Das Testament des Grunge-Außenseiters: Ein grimmiger Blick in die Fratze des Todes und eine Pflichtlektüre für Coronaleugner.

Konstanz (mis) - "Close the book if the story's over, cash out a curtain call, this is clearly the fall I won't get up from", steht es auf dem Klappentext geschrieben. Um die Weihnachtszeit herum verbreitet sich die Neuigkeit, dass Mark Lanegan abermals ein Buch geschrieben hat. Inhalt: Seine Corona-Erkrankung. Niemand konnte damals freilich ahnen, dass der Vorhang für den US-Sänger nur wenige Wochen nach dem Auslieferungstermin des Buches tatsächlich für immer fallen würde.

Dass seine Geschichte wirklich zu Ende ist. Die Todesursache wurde nie öffentlich gemacht, Lanegan ist in seinem Haus in der irischen Wahlheimat Killarney gestorben. Nach der Lektüre von "Devil In A Coma - A Memoir" (White Rabbit Book, gebunden, englisch, 142 Seiten, 11,98 Euro) ist schwer vorstellbar, dass sich sein Tod unabhängig von Covid-19-Langzeitfolgen ereignet haben könnte. Lanegan war als langjähriger Drogenabhängiger schließlich die Definition einer Risikogruppe.

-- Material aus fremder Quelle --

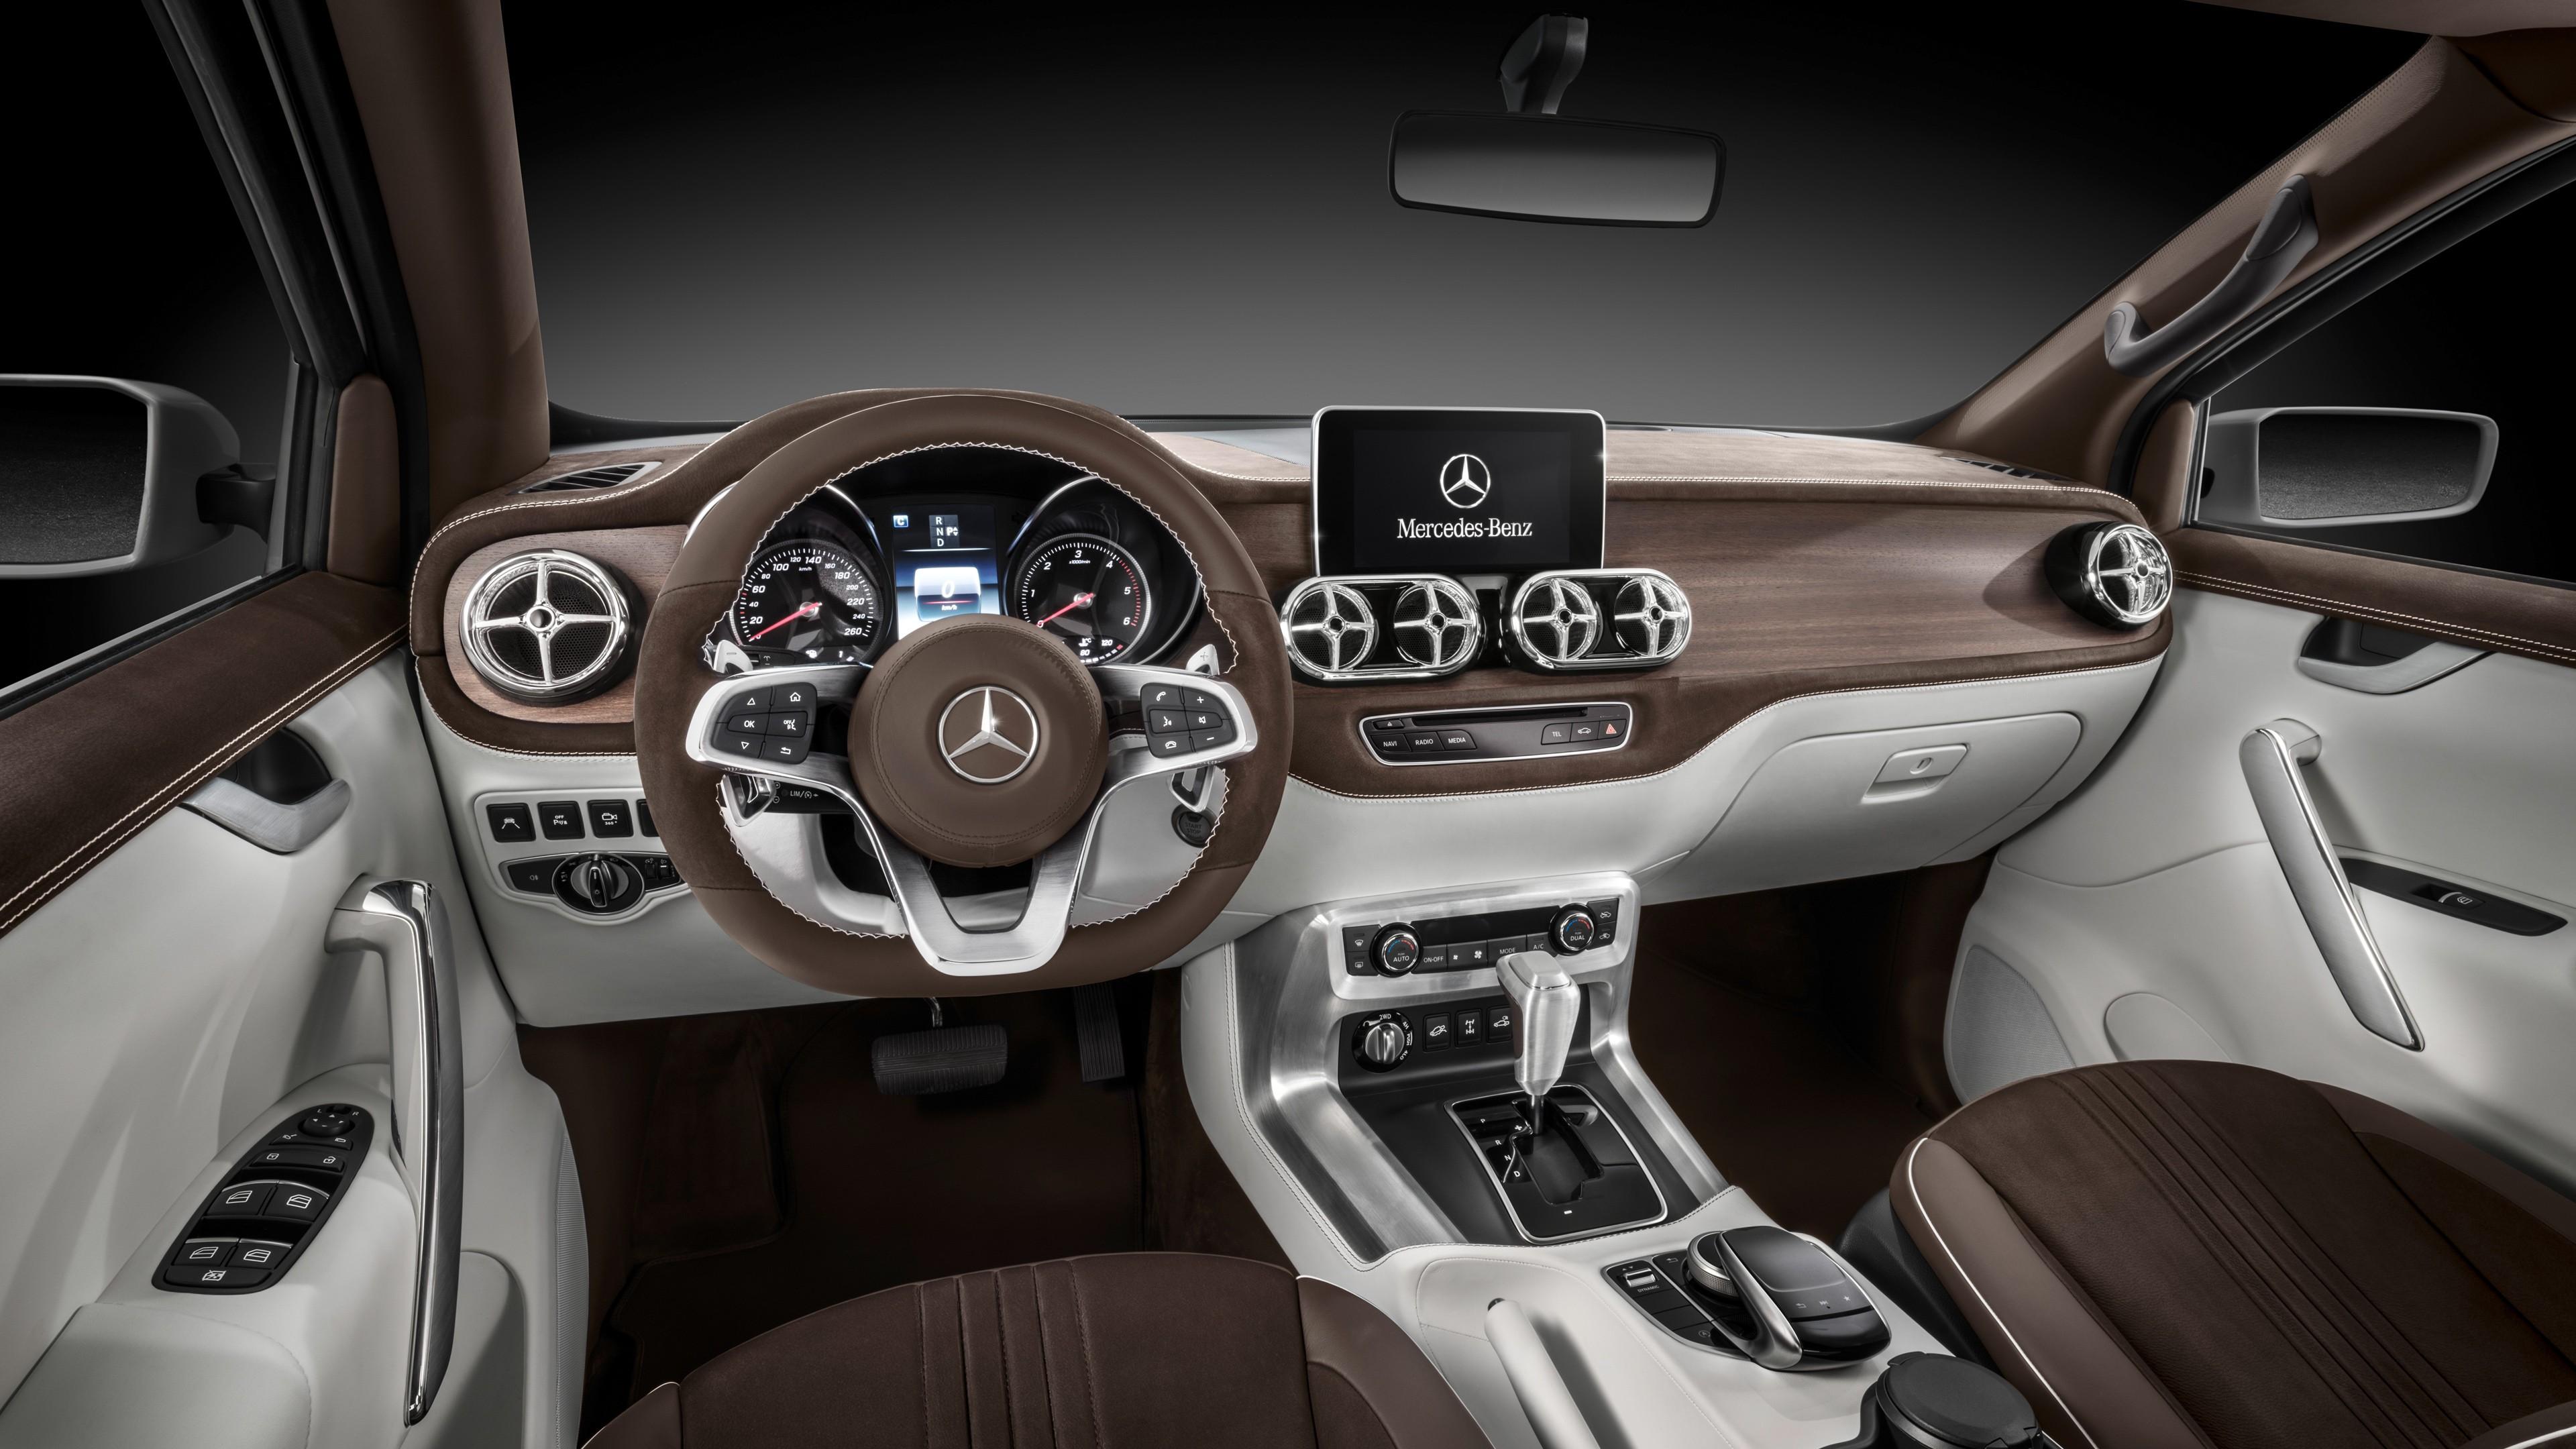 2017 Mercedes Benz X Class Pickup Truck Interior Wallpaper ...

Positiv nach Interviewtermin

Das weiß auch Cold Cave-Sänger Wesley Eisold, Gast auf Lanegans letztem Album "Straight Songs Of Sorrow", der im Vorwort die Kämpfernatur des Sängers in den Vordergrund stellt, und vorsichtig das Happy End formuliert, dass dessen Überleben die Seele bereichere. Trotz des traurigen Sequels im echten Leben lässt sich Eisolds Lob nun auf das Buch übertragen. Denn wie schon bei seiner musikalischen Lebensbeichte "Sing Backwards And Weep" (2020) begeistert Lanegan mit grimmiger, kraftvoller Prosa im Stil Bukowskis, in der kein Protagonist so viel Fett abbekommt wie er selbst. Mit Ausnahme des Schicksals, das ihn Ende 2020 in Gestalt eines irischen Journalisten heimsucht, dem Lanegan wider besseres Wissen Zutritt in sein Haus gestattet - und der sich am Folgetag positiv testet.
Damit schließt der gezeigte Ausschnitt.